7 Problems with Hive 7

Behold the future of the web – Hive7. This is the latest core-dump from Silicon Valley. Hive7 is an AJAX-powered, 3D Virtual World. It is all live in the browser, requires no downloads, and – of course – is free. Oh and in case you were wondering, the development was outsourced so it was all done on the cheap. Sounds great right?

Has the whole world gone absolutely, stark-raving, mad?

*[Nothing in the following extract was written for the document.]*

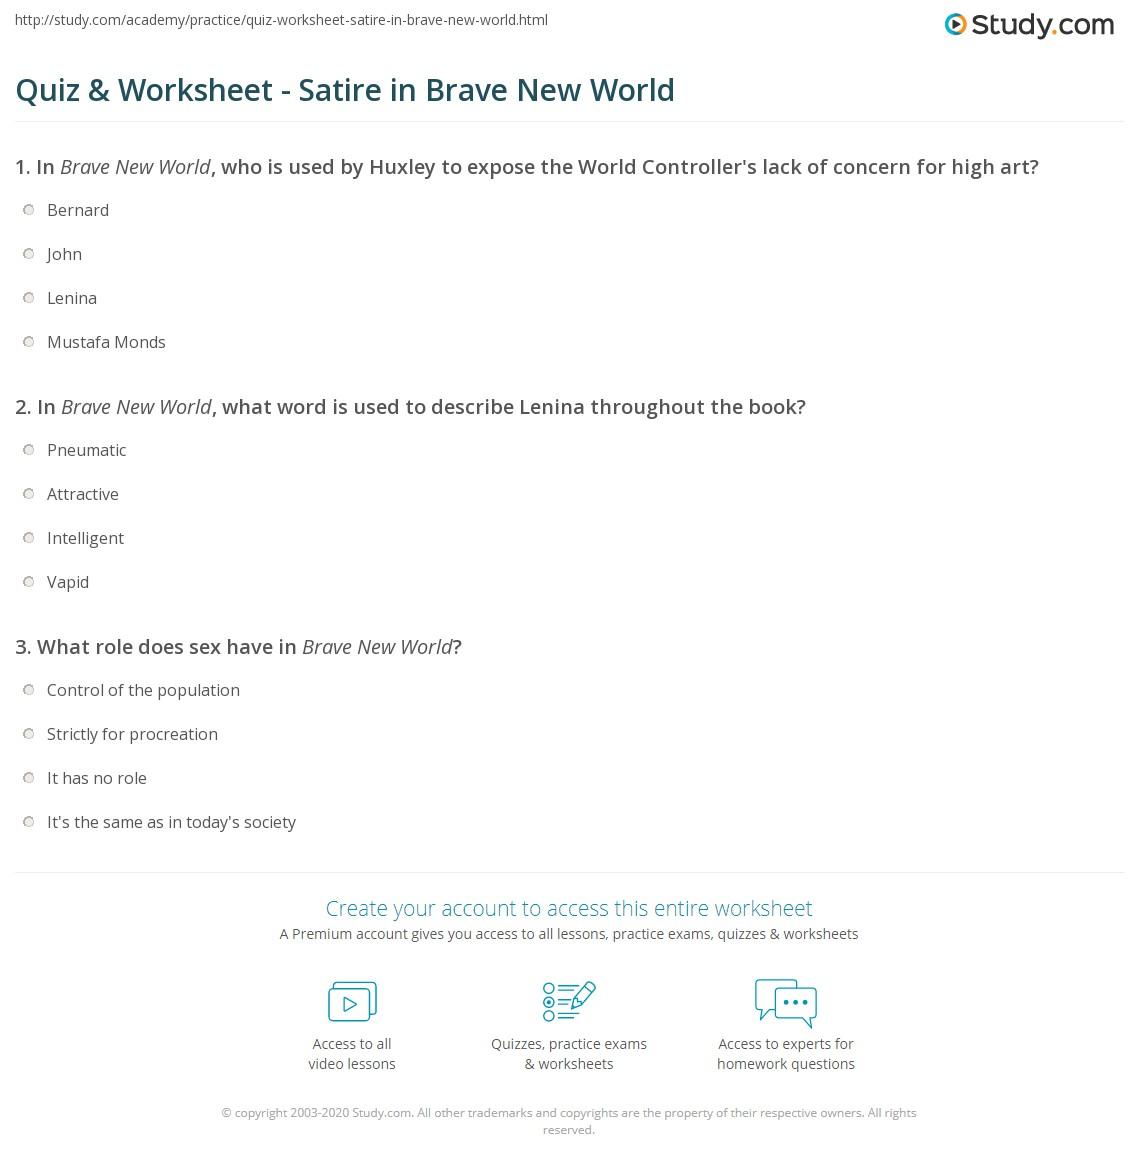 Sarcasm and Irony worksheet - Free ESL printable worksheets made ...

Just because you can use AJAX to do some slick tricks in the browser it does NOT mean that it is a good idea to use it for everything. Would you want to live in a house built from Popsicle sticks? Apparently, the folks at Hive7 think so.

Not only is the implementation of the site a bit scary from a scalability perspective, but a visit to Hive7 feels like an old Tandy game gone terribly awry. The user interface is something out of one of those bad educational games they made us play back in the day.

Ok, so I could go on about this for some time. As I do not intend to spend the rest of my life on this, I will make my best attempt to boil down my 7 Problems with Hive7:

1. Physical World Constraints: Not always convenient to “travel.”
2. Usability Issues: User interface physics unclear.
3. Lacks Aesthetic Appeal: Nuff said.
4. Scalability Issues: Super-Interactive w/Javascript?
5. Security and Privacy Lacking: No brainer.
6. Latency and Disconnects: Duh.
7. Random bears and flowers: WTF.

I am all for experimentation and trying fun new things (almost to a fault). But this is a company trying to create and deliver a value-added service. And trying to build a scalable, interactive, virtual social environment on a bunch of duct tape script and a less than slick UI is just too much – even for a mad tinkerer like me.

On the plus side, I will say that the “vision” behind Hive7 is admirable and future-thinking. And clearly, social networks and avatars are starting to really get some serious attention. In my humble opinion, if the folks at Hive7 want to be players in this emerging digital world they have some serious work ahead of them.

For more on this see Om’s post. Later fan-boys.